Further, Belloc sees capitalism as unable to reach its extremes, hampered by extreme waste, a finite labor pool, and competition. To insulate itself from these issues, the owners of capital restrict freedom and undercut competition.

====Solutions to instability====
Belloc believed the instability caused by capitalism would eventually trend towards stability by becoming one of three social arrangements: slavery, socialism, or property. (Note: Belloc notes that there could possibly exist mixtures of any of the three social arrangements, but that each serves as "a dominant type" from which "no fourth arrangement can be devised". He does not expand on this.) He contends that two factors, which combined, are unworkable: the ownership of the means of production by a few and freedom for all. With regards to freedom, Belloc considers it a moral obligation to reject any "direct and conscious establishment of slavery as a solution to the problem of Capitalism". Thus, disruption of minute number of owners over the means of production remains the only way of creating a state which serves to benefit society. Belloc writes:

If you are suffering because property is restricted to a few, you can alter that factor in the problem either by putting property into the hands of many, or by putting it into the hands of none. There is no third course.

===Vulnerability in reform===

All forces, then, are making for the Servile State [...] The generous reformer is canalised towards it; the ungenerous one finds it a very mirror of his ideal; the herd of "practical" men meet at every stage in its inception the practical steps which they expected and demanded; while that proletarian mass upon whom the experiment is being tried have lost the tradition of property and of freedom which might resist the change, and are most powerfully inclined to its acceptance by the positive benefits which it confers.
— Hilaire Belloc, The Servile State, Making for the Servile State, p. 100

Belloc did not believe that the reformers of his day had appropriate answers to the problem of capitalism. Although he considered a large number of socialists to be honorably attempting to curtail the worst elements of capitalism, he felt that their approaches were both too conciliatory to capitalism and too easily "canalized" by capitalists seeking to preserve their status, leading to servility rather than the socialism that they aimed for. For Belloc, the problem of socialism is that it is myopic and appeals to the same goals as capitalism; its short-sightedness allows capital to make certain concessions, such as a minimum wage, which do indisputably help the impoverished, but in doing so gave capital the ability to institutionalize itself to the state. Other reformers, particularly those who saw themselves as practical non-socialists, simply failed to make any meaningful difference at all. The proletariat resigns to wage-earning instead of property-owning and gives servile institutions easier headway.
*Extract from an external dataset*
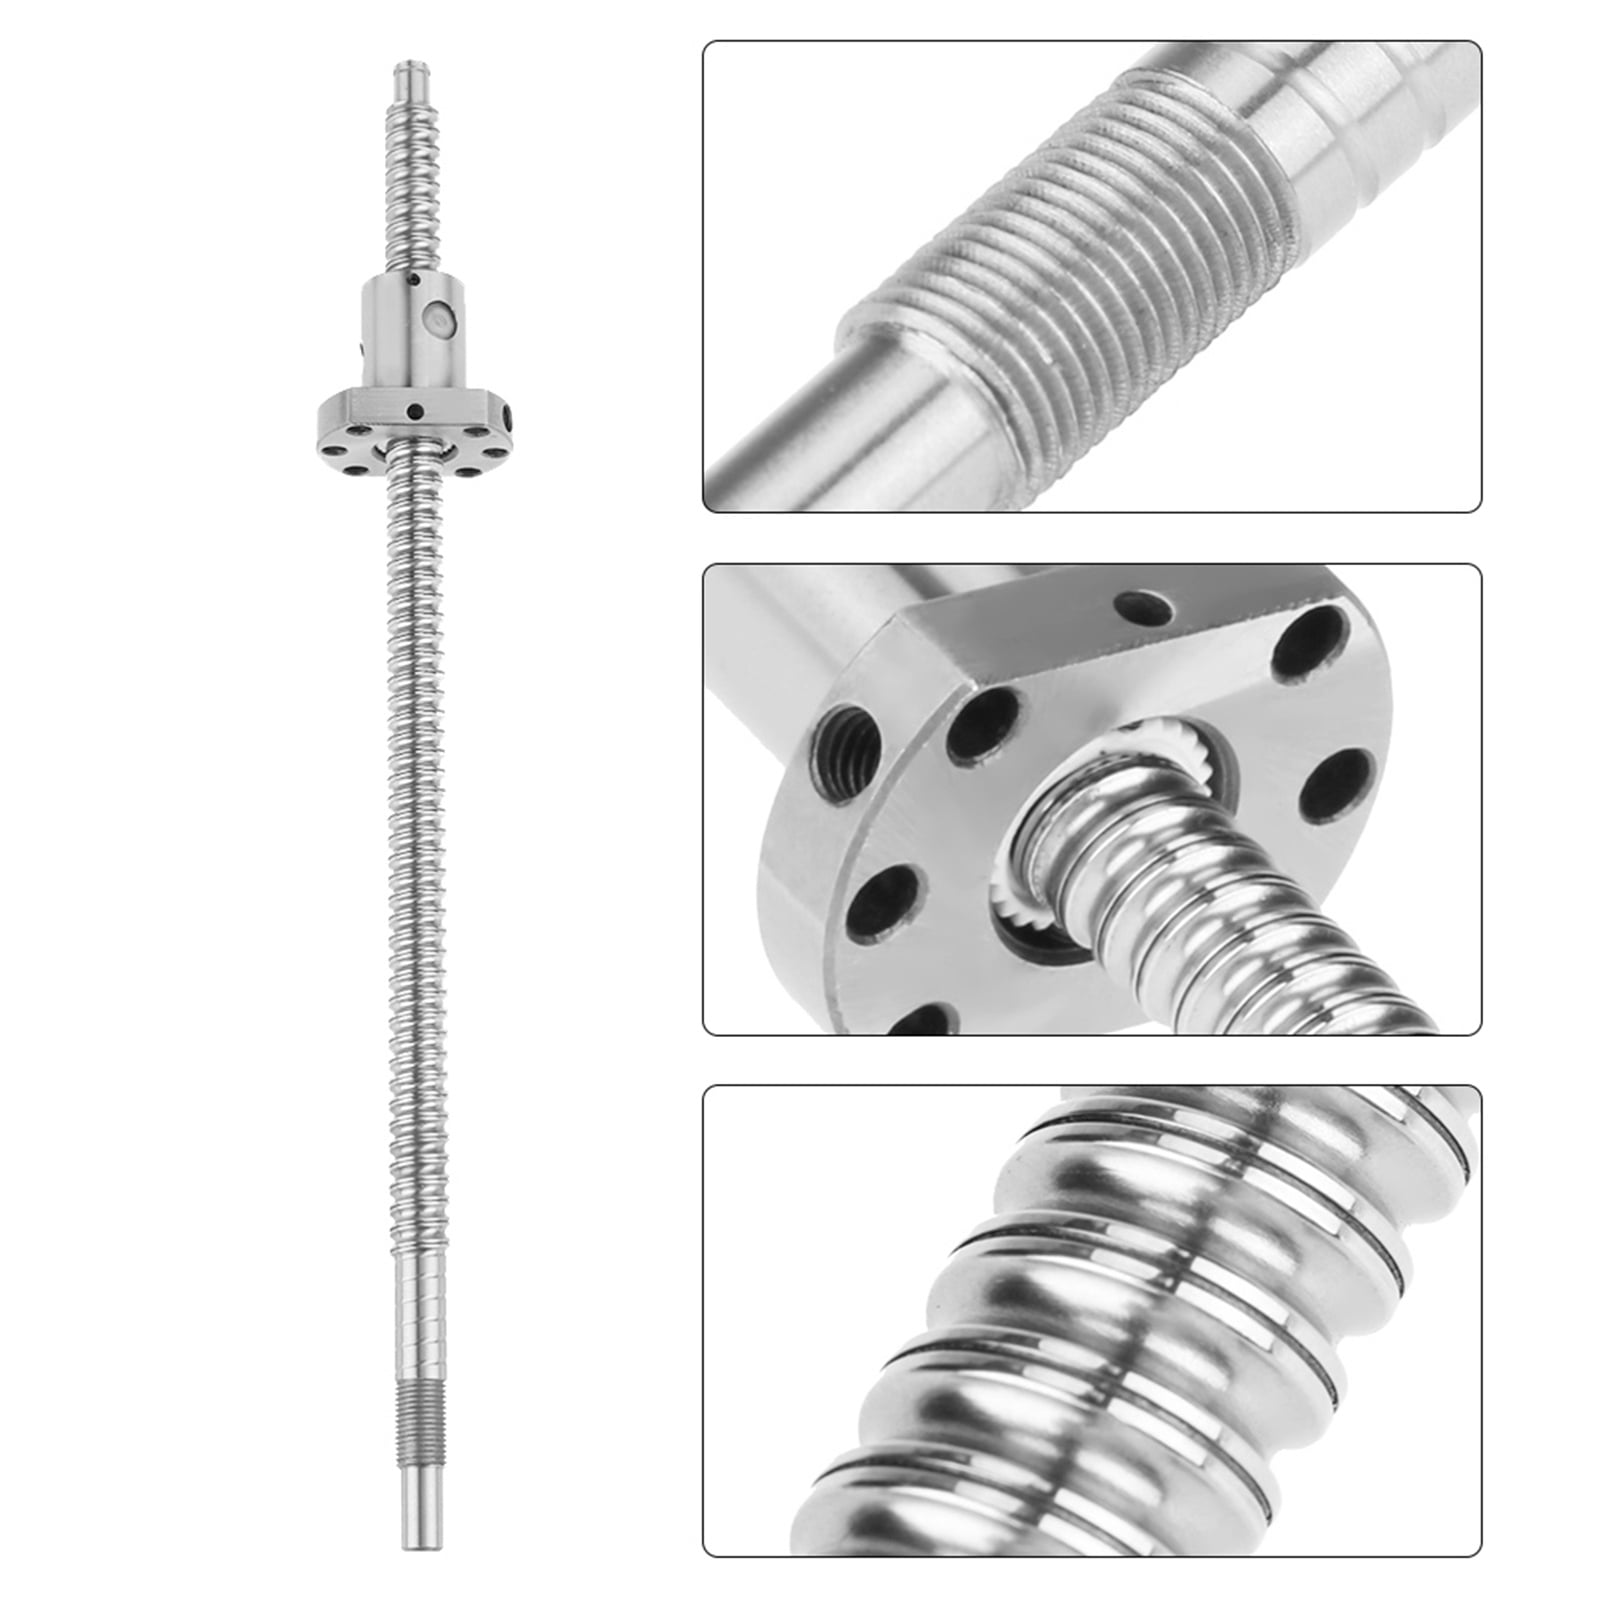 SFU1204 Ballscrew 300mm Rolled Ballscrew Ballnut Anti‑Backlash Without Side End Supports Used The Ball Movement

====Defining socialism====
Belloc begins his critique of socialism by defining it within the scope of capitalism's instability. Because restricting freedom is an unconscionable act, the property possessed by the few must either be distributed to the many, ensuring a large ownership class, or distributed to "none". For Belloc, as a practical matter, none' means to vest it as a trust in the hands of political officers", since the absence of any control over the means of production would mean starvation. He compares socialism in this way to distributism by claiming that socialism is the belief that private property itself is the issue and, thus, under it, private property is abolished and the means of production should be managed by political officers holding and managing it on behalf of the public, whereas distributism argues that it is only the small size of the ownership class which is the issue and, thus, under it, private property remains as a publicly recognized institution and the means of production are widely owned. Belloc states that the socialist state – which he usually refers to as the collectivist state or collectivism – is the easiest solution for the proletariat to aim at, but that, by aiming at it, "in the very act of attempting Collectivism, what results is not Collectivism at all, but the servitude of the many, and the confirmation in their present privilege of the few; that is, the Servile State."

====Relationship to capitalism====
Belloc further defines socialism as something of a collected pool of resources, where public officers within the community hold the means of production, such as land and other capital, in public trust and serve at the pleasure of the community as well as on its behalf. He contends that, based on his previous explanation of the development of the original servile state into the fledgling distributive state, the socialist proposition was only experimental and had a high degree of risk and impracticality because there was no historicity of its success; Belloc appeals to the success of the distributive state prior to the advent of the Reformation as proof that the distributive state existed, producing stability and happiness within society. However, he did not believe that socialism was without some sense of practicality; he considered it to impart less "shock" on society as it transitioned away from capitalism. Belloc believed that the most rational implementation of socialism was the buyout of private ownership – particularly public works – into public trust, putting the profits away in order to fuel more buyouts. Critiquing his own system, he notes that this is common practice, where public works transition from private ownership to public ownership, "without any perceptible friction", whereas artificial distribution of this kind of property to many shareholders, as a transition back to the distributive state would demand, would be met with extreme opposition and could regress back into a few owners. In this, Belloc describes socialism as "working with the grain":

In a word, the man who desires to re-establish property as an institution normal to most citizens in the State is working against the grain of our existing Capitalist society, while a man who desires to establish Socialism – that is Collectivism – is working with the grain of that society. The first is like a physician who should say to a man whose limbs were partially atrophied from disuse: "Do this and that, take such and such exercise, and you will recover the use of your limbs." The second is like a physician who should say: "You cannot go on as you are. Your limbs are atrophied from lack of use. Your attempt to conduct yourself as though they were not is useless and painful; you had better make up your mind to be wheeled about in a fashion consonant to your disease." The Physician is the Reformer, his Patient the Proletariat.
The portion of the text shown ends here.